Гамильтон кивнул. К Древнему Благотворительному Братству Волчицы принадлежал едва ли не всякий – орден обладал избирательностью проливного дождя. Сам Феликс не заглядывал в Дом Волчицы и раз в полгода, однако располагать местом для встреч в любом чужом городе было удобно.

– Прекрасно, Можем мы встретиться там попозже, ночью?

– Конечно.

– Там есть комната, где собираются порой некоторые из моих друзей. Не трудитесь спрашивать у портье – она в холле Ромула и Рема, прямо напротив эскалатора. Скажем, в два часа?

– Лучше в половине третьего.

– Как вам угодно.

Впервые Монро-Альфа Клиффорд заметил ее во время большого бала. Трудно объяснить, чем именно она привлекла его взгляд. Разумеется, она была красива – однако сама по себе красота не является для девушек знаком отличия. Они просто не могут не быть красивыми – как персидские кошки, бабочки «сатурния луна» или чистокровные скакуны. Нет, объяснить исходящее от девушки обаяние было куда труднее.

Вероятно, достаточно просто сказать, что стоило Монро-Альфе увидеть ее, как он моментально забыл и о том восхитительно увлекательном разговоре, который еще недавно вел с Джеральдом, и о том, что, мягко выражаясь, не любил танцев и в бальном зале оказался по чистой случайности. Забыл он и о снедавшей его меланхолии.

Впрочем, во всем этом Клиффорд не отдавал себе отчета. Он только взглянул на девушку во второй раз – и потом уже до конца танца старался не упустить ее из виду, из-за чего танцевал еще хуже обычного.
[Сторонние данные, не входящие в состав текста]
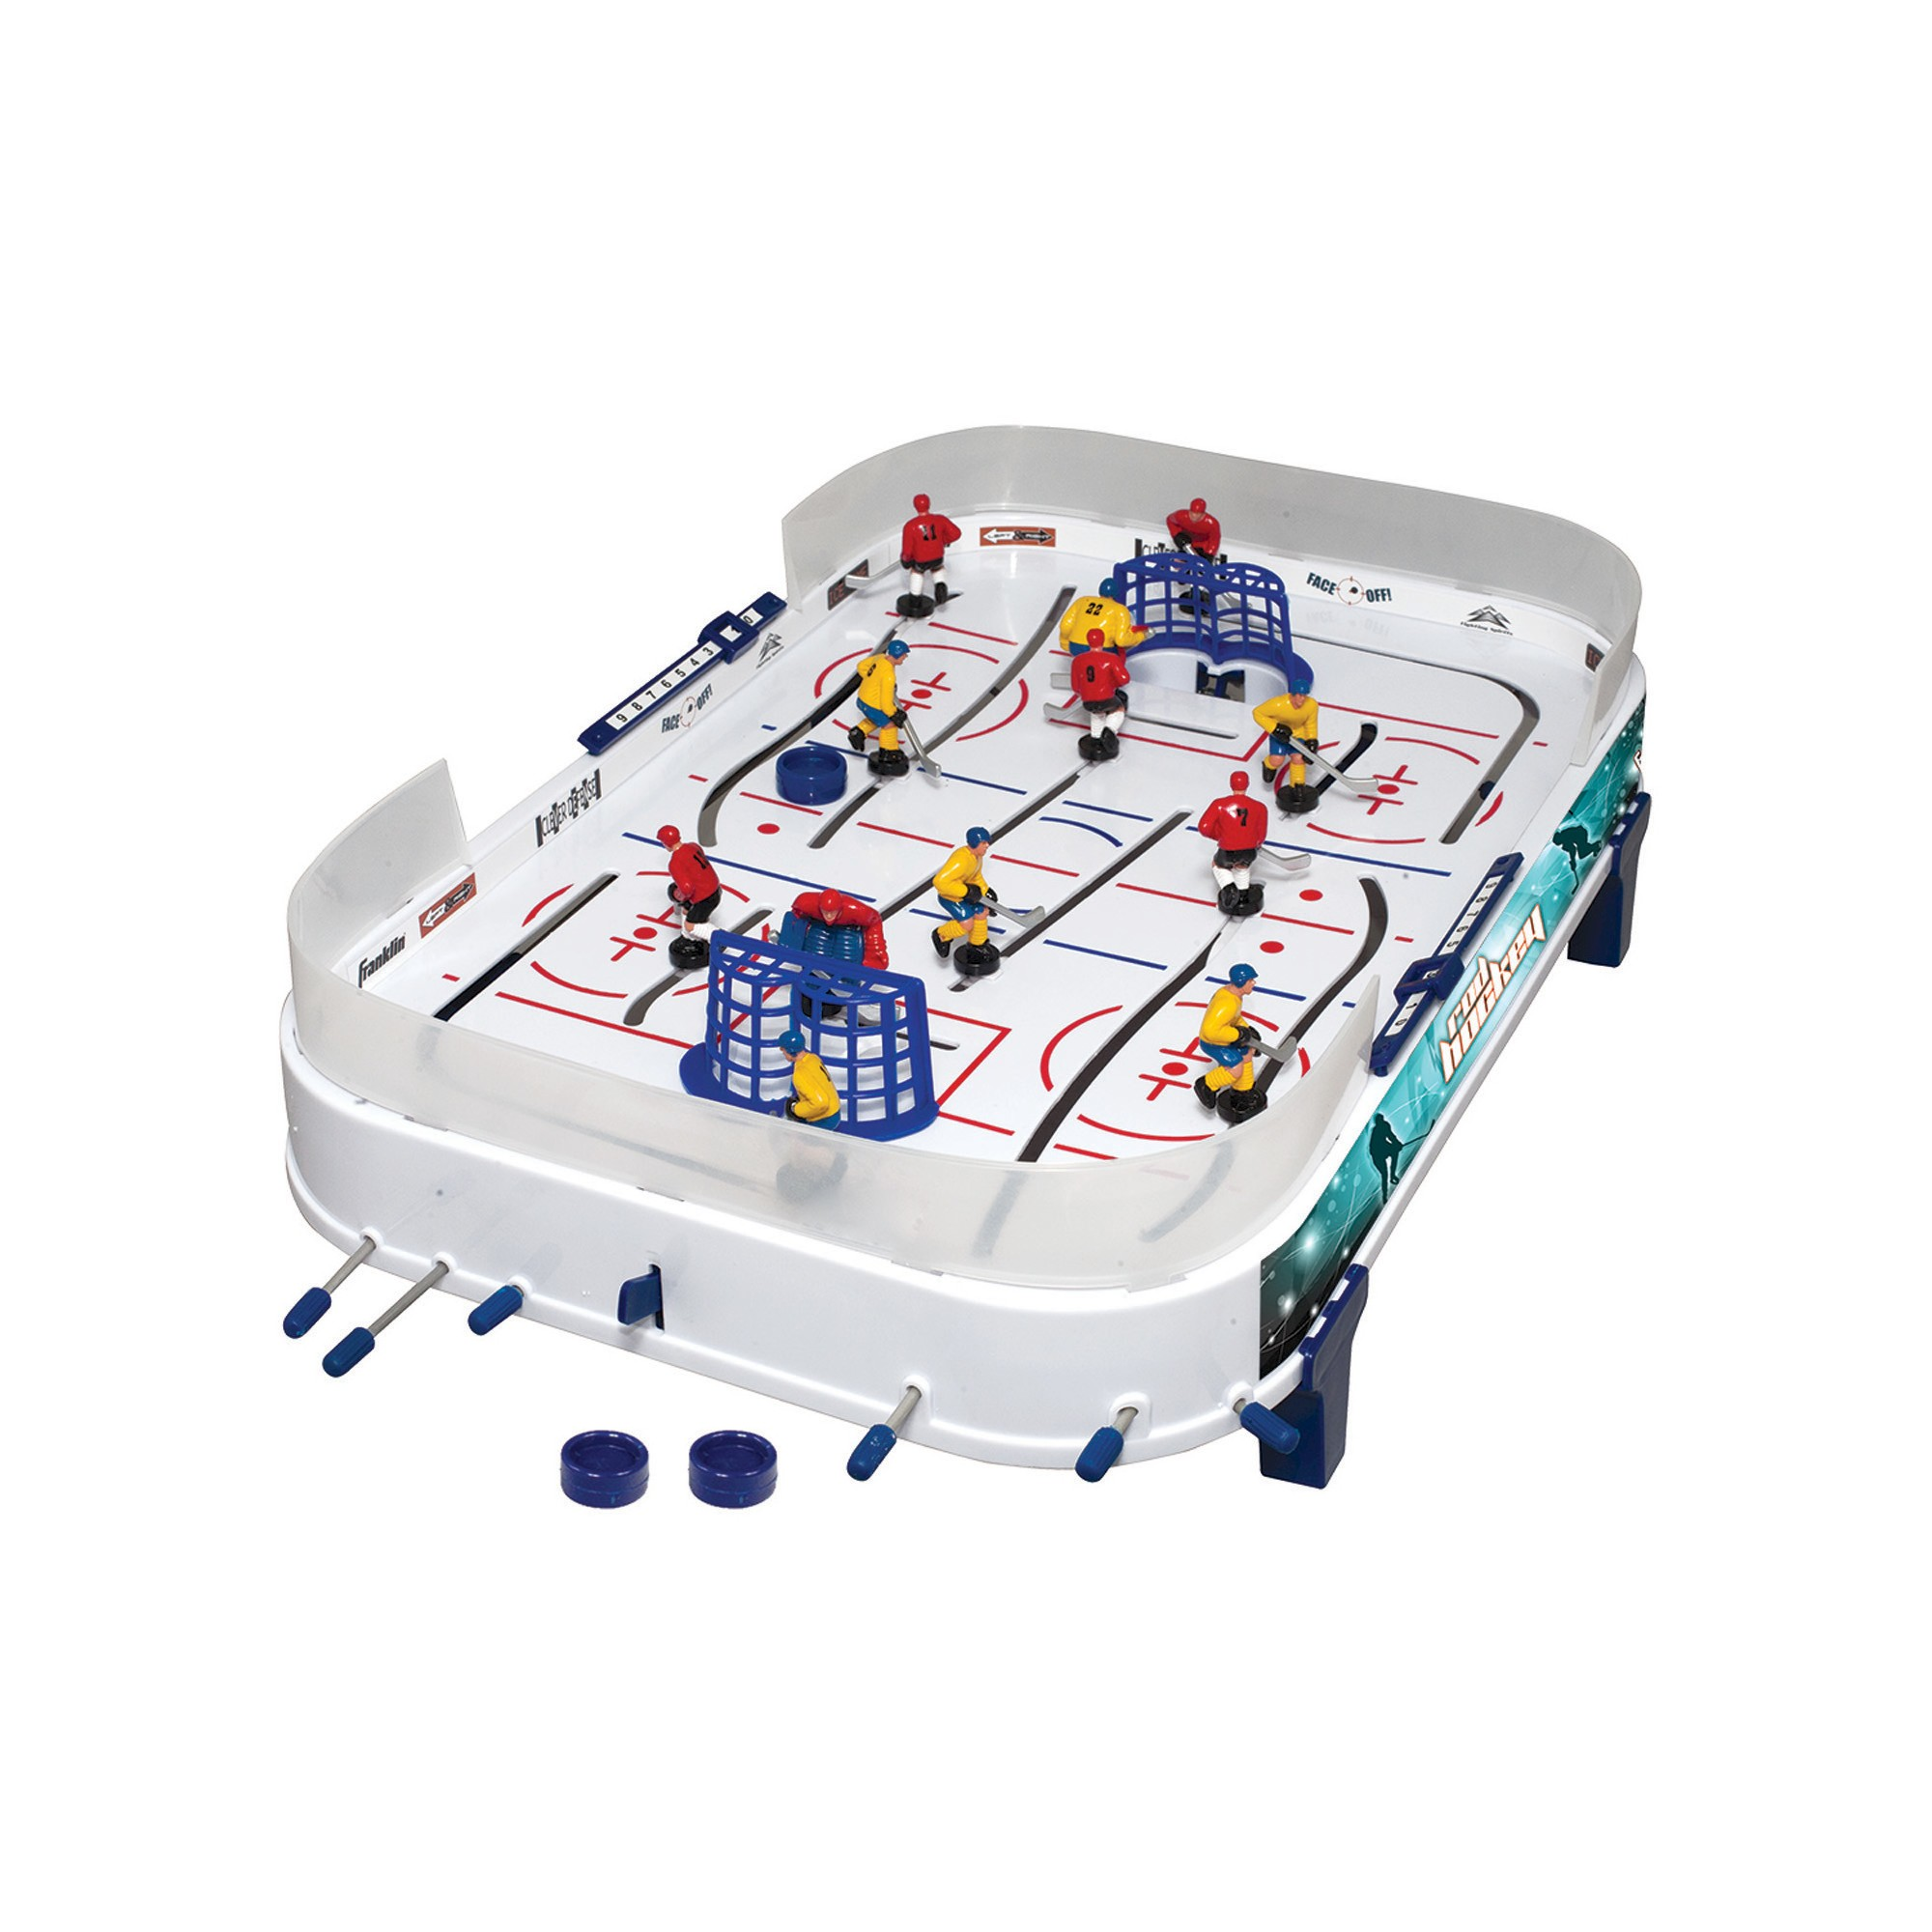 Franklin Sports Rod Hockey Franklin sports, Hockey, Home
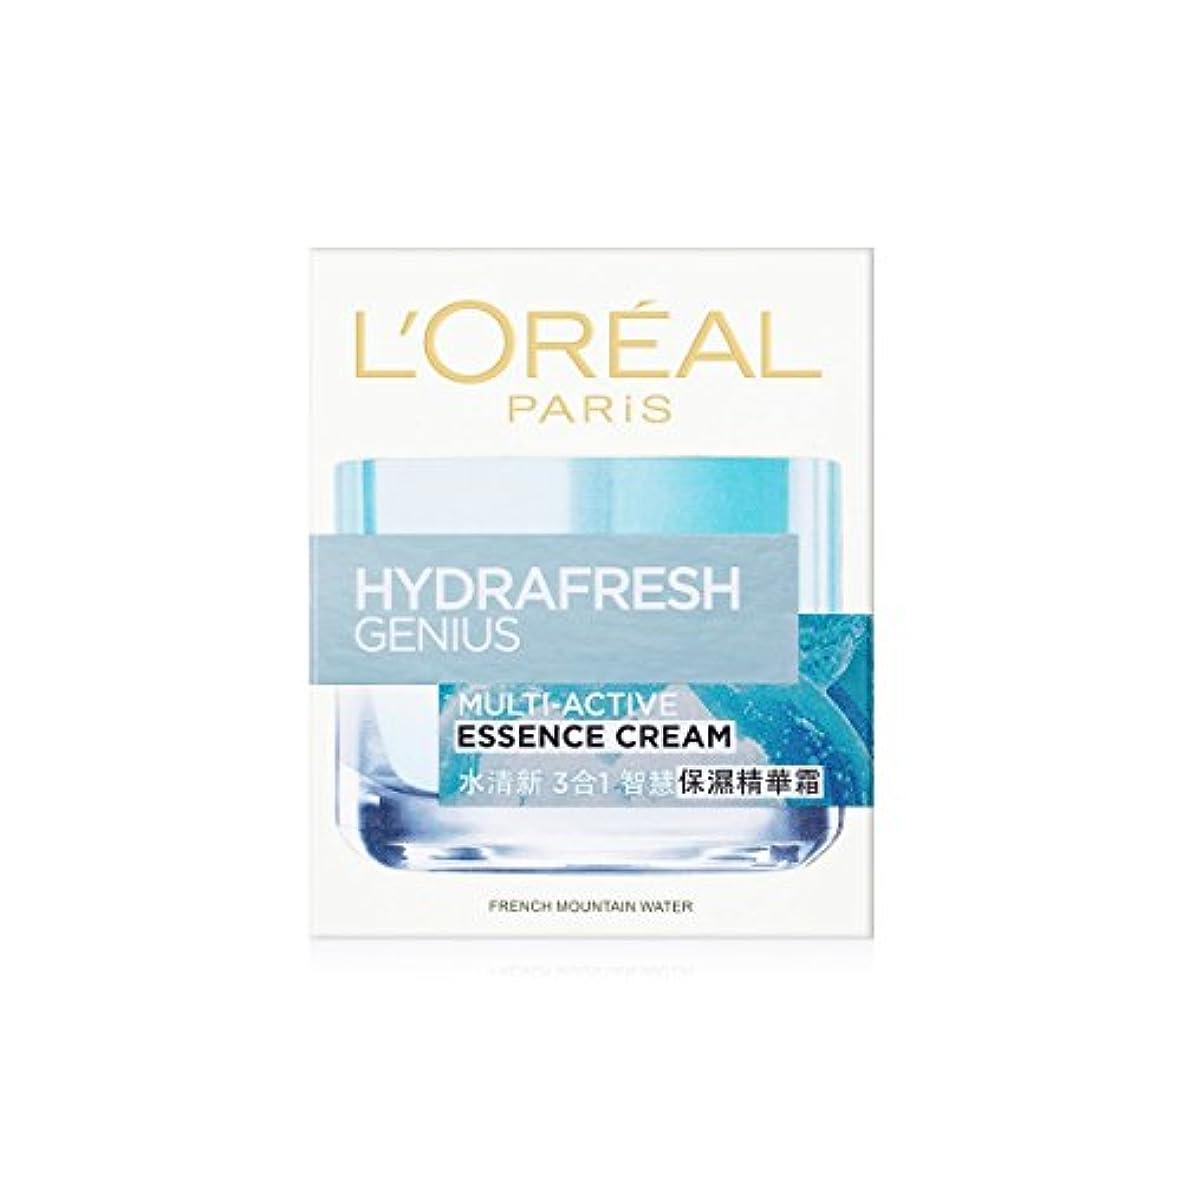 ワーディアンケース統合するビリーヤギロレアル Hydrafresh Genius Multi-Active Essence Cream 50ml/1.7oz並行輸入品

Вместе с фигурами танца сменялись и партнеры, так что Монро-Альфе не единожды пришлось извиняться перед временными дамами за свою неуклюжесть.

Впрочем, от этого он не стал двигаться ни на йоту более ловко и грациозно, поскольку все мысли его были заняты решением проблемы: сведут ли их с девушкой фигуры танца, сделав на какое-то время партнерами? Будь этот вопрос поставлен перед ним в качестве абстрактной задачи: «Дано: хореографическая партитура танца; требуется установить: вступят ли в контакт единицы А и Б» – Клиффорд нашел бы ответ почти интуитивно, если бы, разумеется, счел сие занятие достойным.

Но совсем другое дело – пытаться отыскать решение в динамичной ситуации, когда сам он являлся одной из переменных величин. Находился ли он во второй паре? Или – в девятой?

Монро– Альфа уже пришел было к выводу, что танец не сведет их, и начал подумывать, как под видом ошибки обменяться местами с кем-то из танцоров -и тут они встретились.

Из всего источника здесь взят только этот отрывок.